Tekanan darah sekurang-kurangnya 160 mmHg sistolik atau 110 mmHg diastolik
pada dua kali pemeriksaan berjarak 15 menit menggunakan lengan yang sama.
Trombositopenia : trombosit < 100.000 / mikroliter.
Gangguan ginjal : kreatinin serum >1,1 mg/dL atau didapatkan peningkatan kadar
kreatinin serum pada kondisi dimana tidak ada kelainan ginjal lainnya.
Gangguan liver : peningkatan konsentrasi transaminase 2 kali normal dan atau adanya
nyeri di daerah epigastrik / regio kanan atas abdomen.
Edema Paru.
Didapatkan gejala neurologis : stroke, nyeri kepala, gangguan visus.
Gangguan pertumbuhan janin menjadi tanda gangguan sirkulasi uteroplasenta:
Oligohidramnion, Fetal Growth Restriction (FGR) atau didapatkan Absent or
Reversed end Diastolic Velocity (ARDV).
Terminologi umum ‘pencegahan’ dibagi menjadi 3 (tiga) yaitu: primer, sekunder, tersier.
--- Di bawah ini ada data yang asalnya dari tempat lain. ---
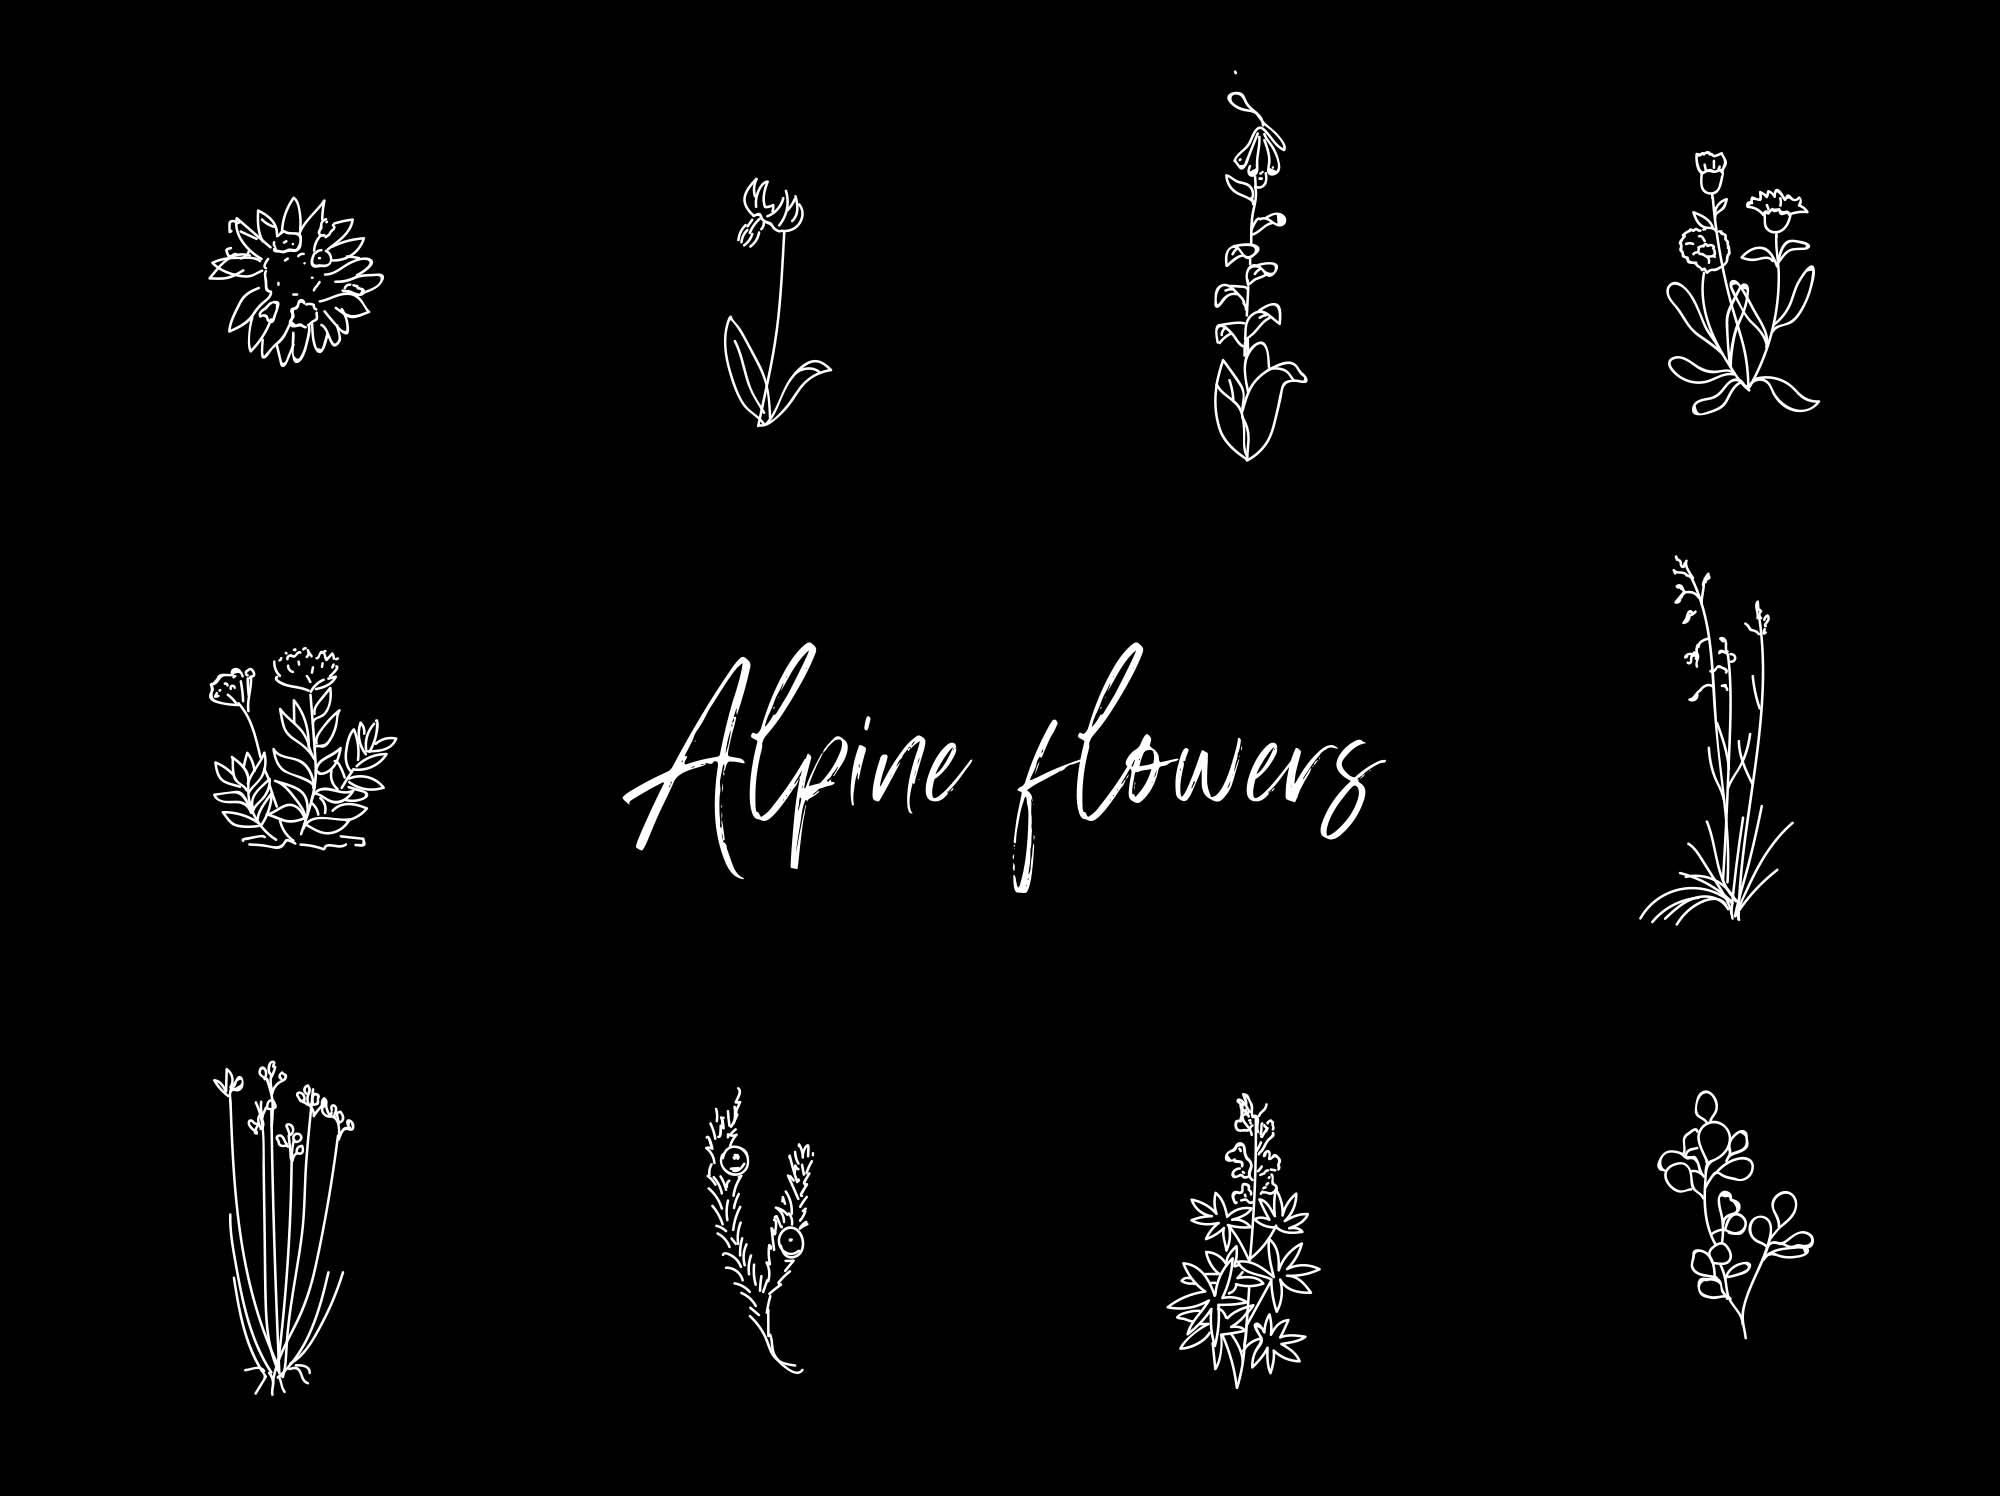 Alpine Hand-drawn Vector Flowers Illustration 2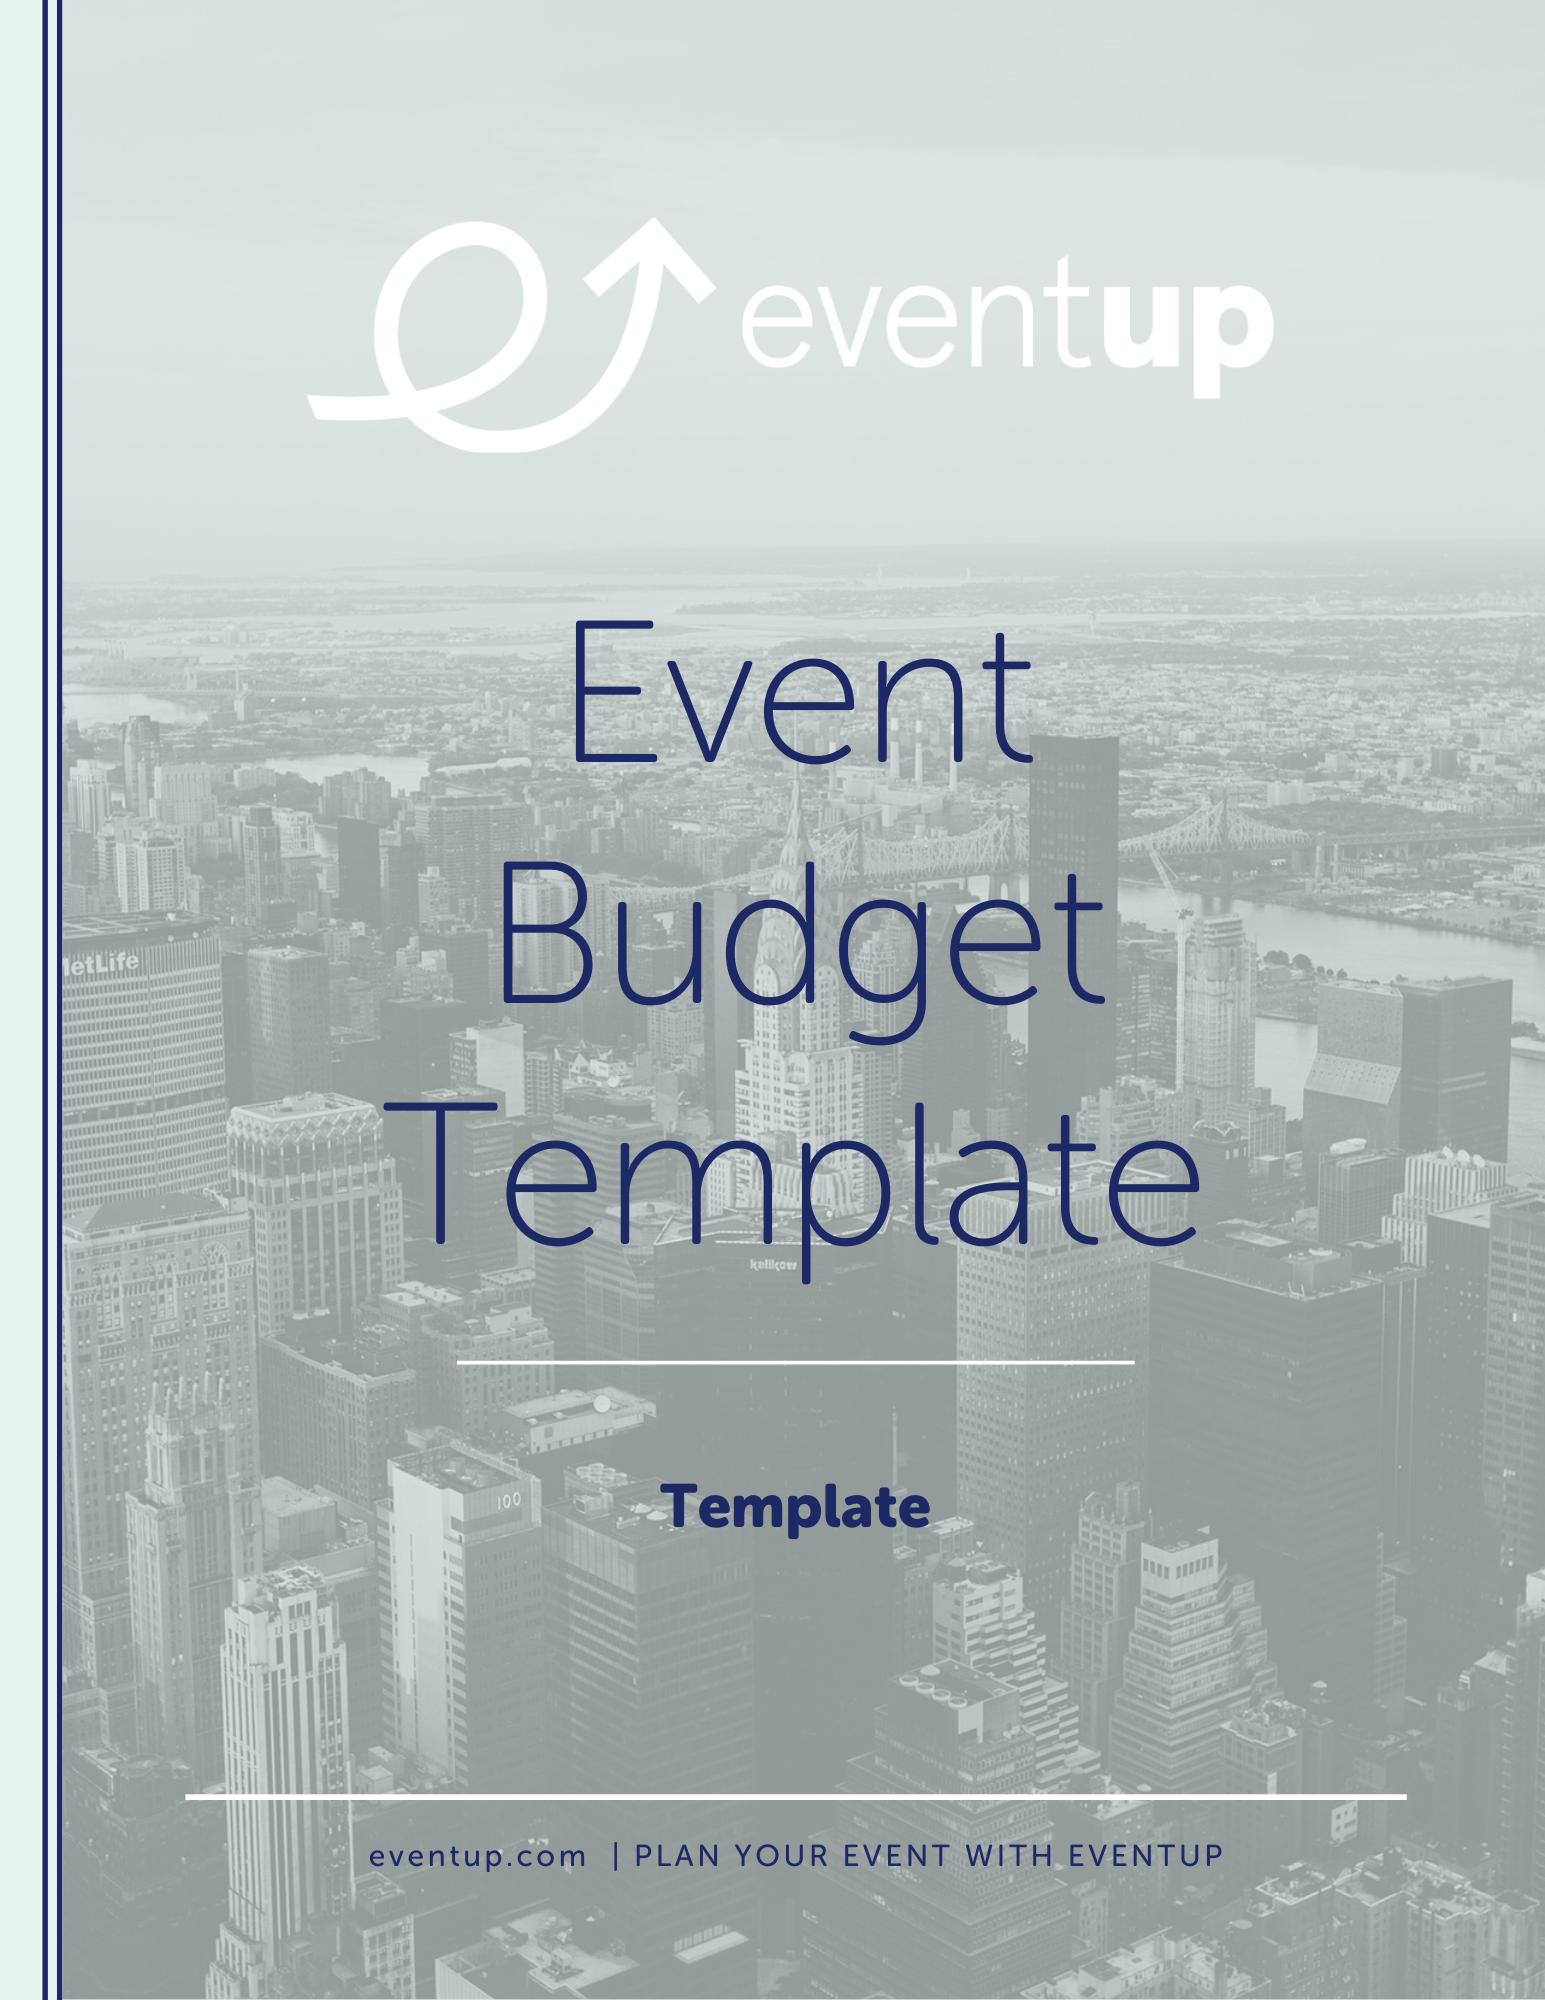 EventUp - Event Budget Template

Pencegahan primer artinya menghindari terjadinya penyakit. Pencegahan sekunder dalam konteks
preeklampsia berarti memutus proses terjadinya penyakit yang sedang berlangsung sebelum
timbul gejala atau kedaruratan klinis karena penyakit tersebut. Pencegahan tersier berarti
pencegahan dari komplikasi yang disebabkan oleh proses penyakit, sehingga pencegahan ini juga
merupakan tata laksana. 1,12
Pencegahan Primer
Perjalanan penyakit preeklampsia pada awalnya tidak memberi gejala dan tanda,
namun pada suatu ketika dapat memburuk dengan cepat. Pencegahan primer merupakan yang
terbaik namun hanya dapat dilakukan bila penyebabnya telah diketahui dengan jelas sehingga
memungkinkan untuk menghindari atau mengkontrol penyebab-penyebab tersebut, namun
hingga saat ini penyebab pasti terjadinya preeklampsia masih belum diketahui.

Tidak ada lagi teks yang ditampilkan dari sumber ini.